何秒くらい経ってからだろうか。そんな凍り付いた空気を壊したのは一人の男の怒号だった。

殿町「……い~つ~か~ぁ?これはどういうことだ?説明しろぉ!!」

士道「待て、落ち着け。話せば分かる」

クラス中の視線が士道に降り注ぐ。そして殿町が騒ぎ出したことを引き金にありもしない噂話が次々と飛び出す。

「ちっ……また五河かよ……」

「なんか弱み握られてるんじゃないの……?」

「だとしたら五河君の周りの女の子全員そうかも……」

「こ、これは十香ちゃんに新たなライバル登場の予感ッ!?」

「転校生をいきなり口説くとか……」

「まじ引くわー」

「やっぱ五河君より上条君よ!」

「だよね……!あの黄昏れている感じがキュンってなるっていうか……!」

「士道の嫁は私。誰にも渡さない」

「む!?どうして貴様が士道の嫁なのだ!?士道の嫁はこの私なのだ!!」

「士道は浮気性だからな」



……どうしてこうなった?



あと上条、浮気性とはなんだ浮気性とは。俺は別に浮気なんか……そもそも誰とも付き合ってないしな。

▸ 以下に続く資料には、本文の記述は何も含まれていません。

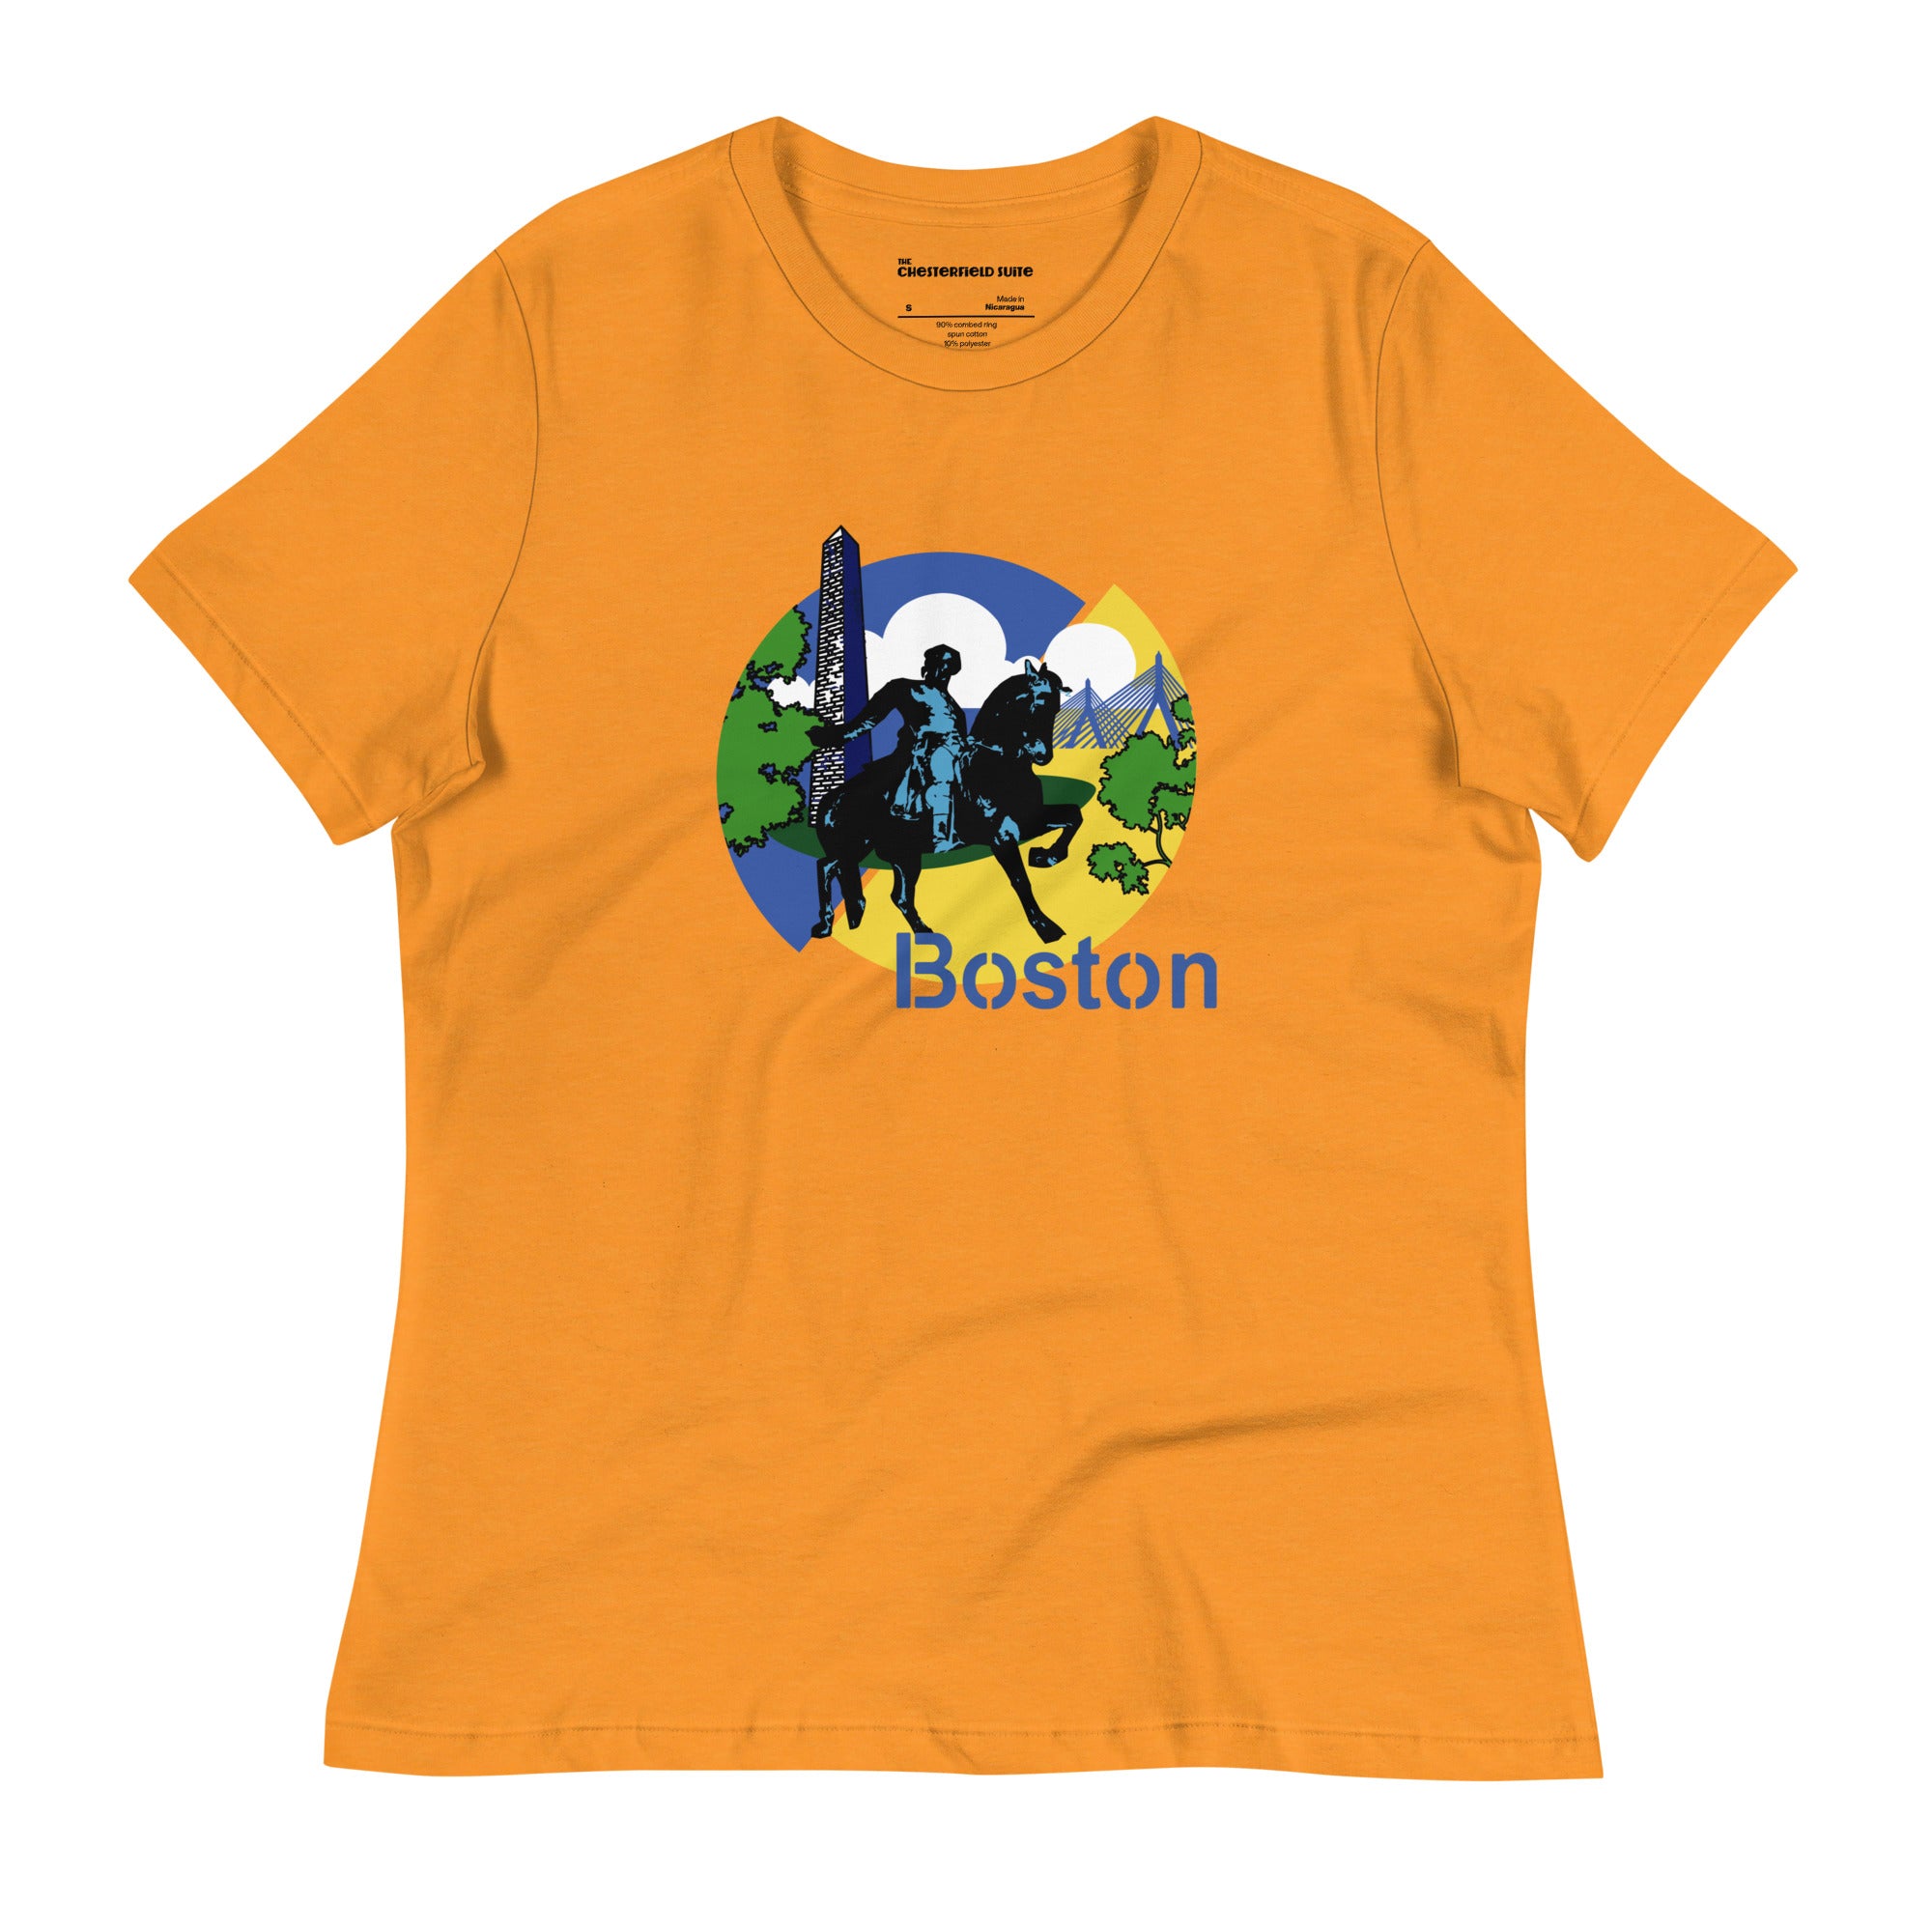 design with paul revere statue, bunker hill monument, zakim bridge boston on orange women's t-shirt

上条「(お前、この半年で何人の女の子とキスしたか思い出してみろ)」

士道「(……やめろ。やめてくれ。いや、マジで。そして助けてくれ!)」

と心の中で会話しながら上条に助け船を求めた。

上条はため息をつきつつも少し大きめの声で。

上条「なんでも士道と或守の両親が知り合いで、仕事の関係でこっちに来たんだけど急なことで住む家が決まっていないから、住む家が決まるまで士道の家で泊めてもらってるんだとさ」

言って、上条がこちらを向く。



――これでいいか?

――あぁ、ばっちりだ!



アイコンタクトで二人は短い会話を済ませると士道は事態を終結させるために皆に説明する。

士道「そ、そうなんだ。そういう事情があって……」

と言っても上条の言葉に賛同したカタチになってしまったが。

殿町「あ、或守さん、それは本当なのか?」

或守に話を振られて、皆或守の方を向く。

或守は「ふむ……」と少し考えた後に、いたずらっ子の様な悪い笑みを浮かべた。

或守「はい。当麻や士道の言うとおりです。急なことでしたので五河家には無理を言って居候させてもらってます。私の説明不足で皆さんの混乱を招いてしまい申し訳ありませんでした」

と軽くお辞儀をして謝る姿勢をとった。何故かこちらが申し訳なくなってしまうではないか。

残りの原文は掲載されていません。